Crime lab DNA analyst Amanda Wilson generated a DNA profile from the sample and compared it with DNA profiles generated from samples from the alleged victim’s sexual assault kit, then compiled a report of her findings. Akinribade obtained a copy of the report and retained an expert, who prepared a seven-page “Consultation Summary.”

In June 2022, Akinribade deposed Wilson. During the deposition, Akinribade handed Wilson the consultation summary’s third page, which was entered into the record, and questioned her about it.

Following the deposition, the state filed a motion for discovery requesting disclosure of the entire summary. The Marion Superior Court granted the state’s motion without a hearing.

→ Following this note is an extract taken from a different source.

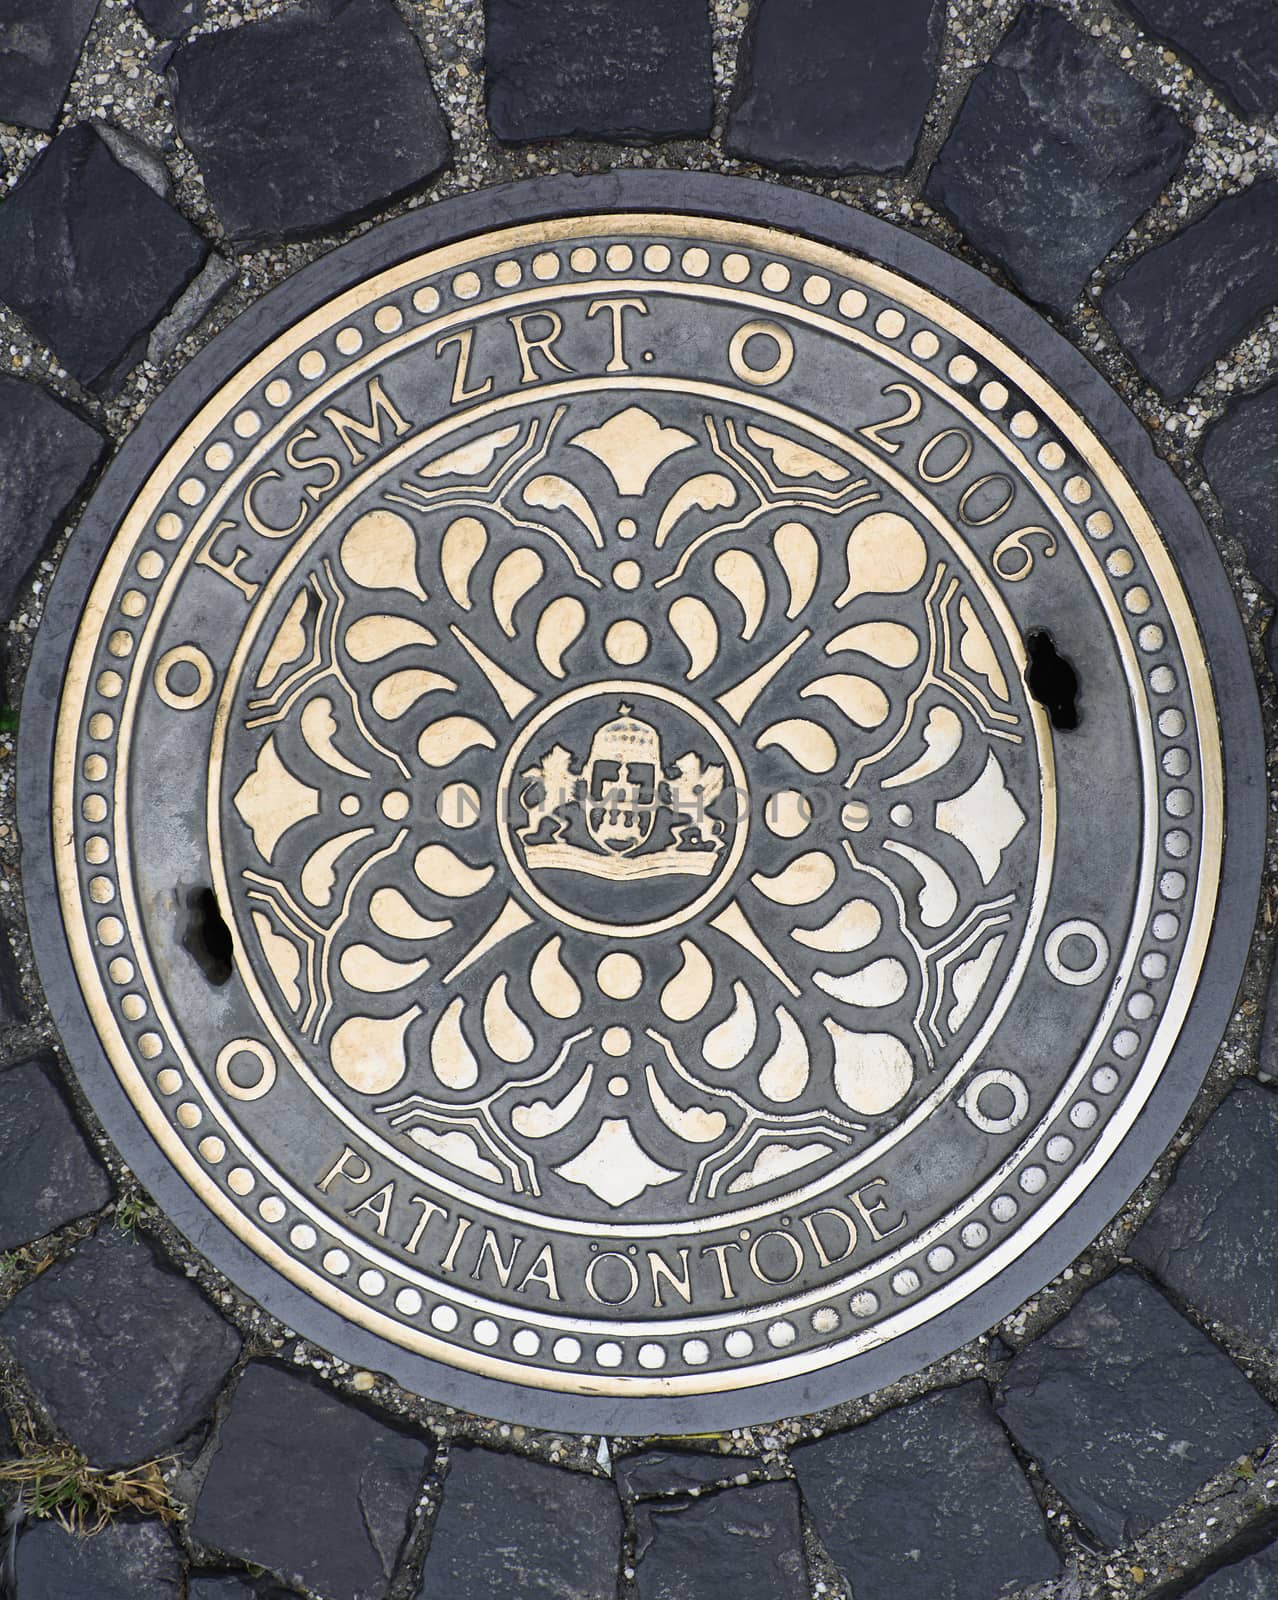 Manhole cover in Budapest by Irene1601

Akinribade then filed a motion to reconsider, acknowledging that the state is “entitled to reports and identities of any expert witnesses that [he] intends to call as witnesses at a trial or hearing.” But he also argued that he did not intend to call any expert witnesses other than Wilson, and that the expert’s consultation summary was protected by the work-product privilege.

At a hearing on the motion to reconsider, the state countered that Akinribade waived the privilege with respect to the entire summary by introducing the single page into evidence at Wilson’s deposition.

The trial court agreed with the state and an appeal ensued.

At the COA, judges were split on whether the six pages could be entered. The majority ultimately ruled for Akinribade.

“We agree with the State that Akinribade waived any privilege with respect to page three of the summary by introducing it into evidence at Wilson’s deposition — at that point, its contents were disclosed to the State, so that particular bell cannot be unrung,” Judge Terry Crone wrote. “But as for the remaining six pages of the summary, we agree with Akinribade that the State failed to make the requisite threshold showing of either substantial need or exceptional circumstances under Trial Rule 26(B), and thus we do not even reach the question of whether Akinribade waived the work-product privilege.

“… We note that the State cites no authority to support its assertion that a deposition is a court proceeding for purposes of Evidence Rule 502(a), and we leave that question for another day,” Crone continued. “We further note that both the State and the dissent overlook the fact that the issue before us is the discoverability of an expert’s report during discovery, which is governed by the Trial Rules, not the admissibility of the report in a ‘proceeding[] in [a court] of this State[,]’ i.e., a trial or a hearing before a judge, which is governed by the Evidence Rules. In other words, Evidence Rule 502 is inapplicable here.”

Crone was joined by Judge Leanna Weissmann in the majority while Judge Melissa May dissented with a separate, seven-page opinion.

May argued that when Akinribade introduced one page of the expert report, he opened the door to the discovery of all seven pages pursuant to Indiana Evidence Rule 502(a).

“I believe it is an accepted fact that a deposition is a court proceeding and, thus, the State was not required to set forth specific argument to demonstrate something that is well-known in trial practice,” May wrote. “… Because Akinribade waived work-product privilege when he intentionally introduced a portion of his expert’s report during a deposition, I would hold the trial court did not abuse its discretion when it refused to overturn its grant of the State’s motion for discovery of that expert’s entire report.”

The case is Akinfemiwa Akinribade v. State of Indiana, 22A-CR-1757.